Project I :Cognitive Task Analysis
IE 486 Lab 3: Spring 2007
Cell Phone Survey Analysis & Recommendation
This handout contains the information you need to complete Lab 3 (due Thursday March 22, in class). It consists of the following parts: 1) analysis of the collected data, and 2) recommendation for cell phone usability. Survey data and questionnaire are available through the course webpage. Examples of SAS codes for analysis of data are given in the appendix of this document. Write-ups: report length should be no more than 5 pages, including any figures and tables (from abstract to results & discussions); conclusions should be no more than 3 pages; anything in addition can be put in appendix and referred to in the text; font size is no less than 11 pt and line space can be single-spaced.
1. Cell phone survey data
All data for the cell phone survey was collected using the structured questionnaire (available on the course webpage). Each group has data from 100 subjects including information about the subject description (gender, age, duration of experience on cell phone, etc.) and which cell phone (manufacturer, brand and model name) the subject uses.
2. Analysis of the collected data
Analyze the data using SAS/STAT program as follows:
1) Tabulate collected data in summary table for features, models and questionnaire responses as illustrated in table 1.
2) Calculate basic statistics, such as mean, standard deviation, and frequencies on each question according to the type of cell phone (manufacturer and model).
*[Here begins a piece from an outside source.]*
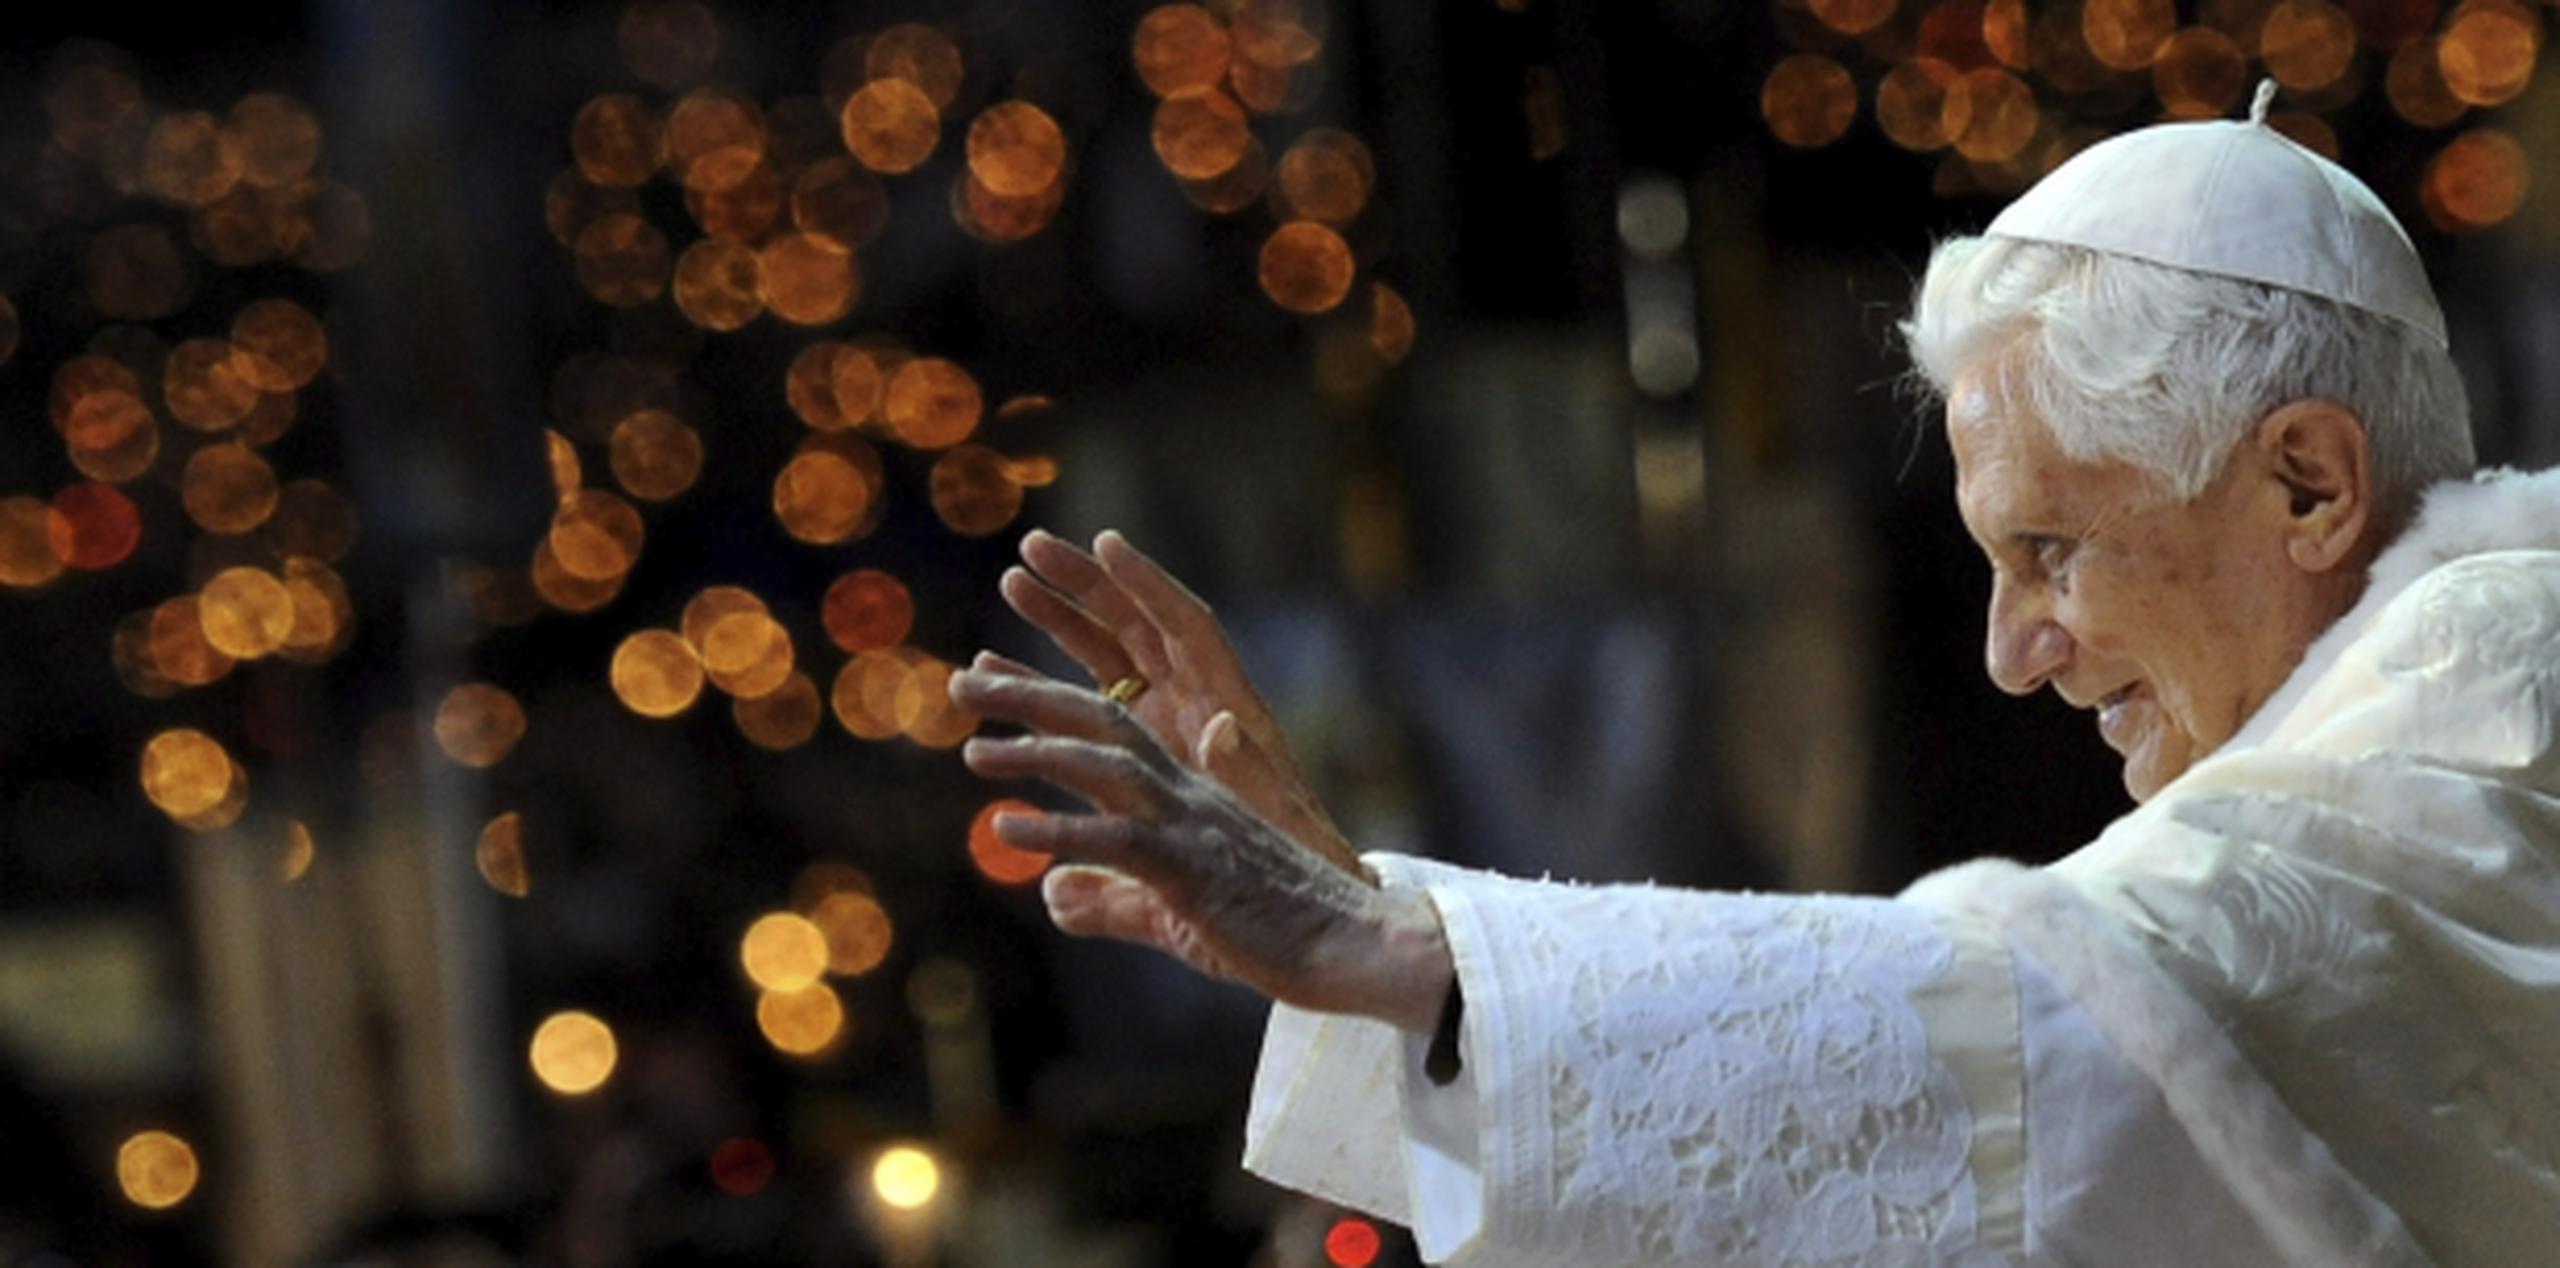 Benedicto XVI se mueve a veces gracias a un andador para "sentirse más seguro y autónomo". (EFE / Ettore Ferrari)

3) Perform Cronbach’s α tests for internal consistency (using paired questions).
4) Do a correlation study among items.
5) Perform ANOVA tests.
6) Perform multiple regression analysis.
Please draw statistical and practical inference from the survey results regarding the following:
1) Which generic features (across manufacturers and models) are liked most, disliked most, or having greater difficulties in usage?
2) Which manufacturer and which model of the manufacturer is preferred regarding to each feature by the survey customers?
3) Which generic features (within manufacturers) are liked most, disliked most, or having greater difficulties in usage?
Table 1. Summary table
| Features |Feature 1 |Feature 2 |Feature 3 |… |
|Manufacturer | | | | |
|Model | | | | |
|Manufacturer 1 |Model 1 |X | |X |X |
| |Model 2 | |X |X | |
| |Model 3 |X | |X | |
| |: |X |X |X |X |
|Manufacturer 2 |Model 1 |X |X |X |X |
|: |: |: |: |: |: |
Note: X is the number of responses corresponding to each cell;
Empty cell means that the subjects cannot answer the question regarding to that feature because the model of cell phone does not have such feature.
The procedures of analysis are explained in more detail in the following. The detailed SAS code and analysis examples can be found in Appendix 1 and 2.
Cronbach's Alpha Coefficient
Internal Consistency is the extent to which tests or procedures assess the same construct. We could estimate the error of tests by just two comparable measurements from each of many subjects. It is usually done by include pairs of questions in the questionnaire. Cronbach’s Alpha Coefficient can then be calculated to measure the internal consistency of the questionnaire. While using the SAS/STAT (proc corr) program to calculate Cronbach alpha coefficient, since there are more than one question pairs, you can put the scores from the corresponding question pairs together for each subject. For example, if (q1,q7) , (q2,q8) are the question pairs used, the layout of the data sheet looks like this:
Subject1 q1 q7
Subject1 q2 q8
….
Subject2 q1 q7
Subject2 q2 q8
….
Subject3 q1 q7
Subject3 q2 q8
…..
Pearson Correlation (SAS/STAT (proc corr))
Do a correlation study among items (features). If a pair of questions represents one item, the average value of this pair of question should be used to represent that item.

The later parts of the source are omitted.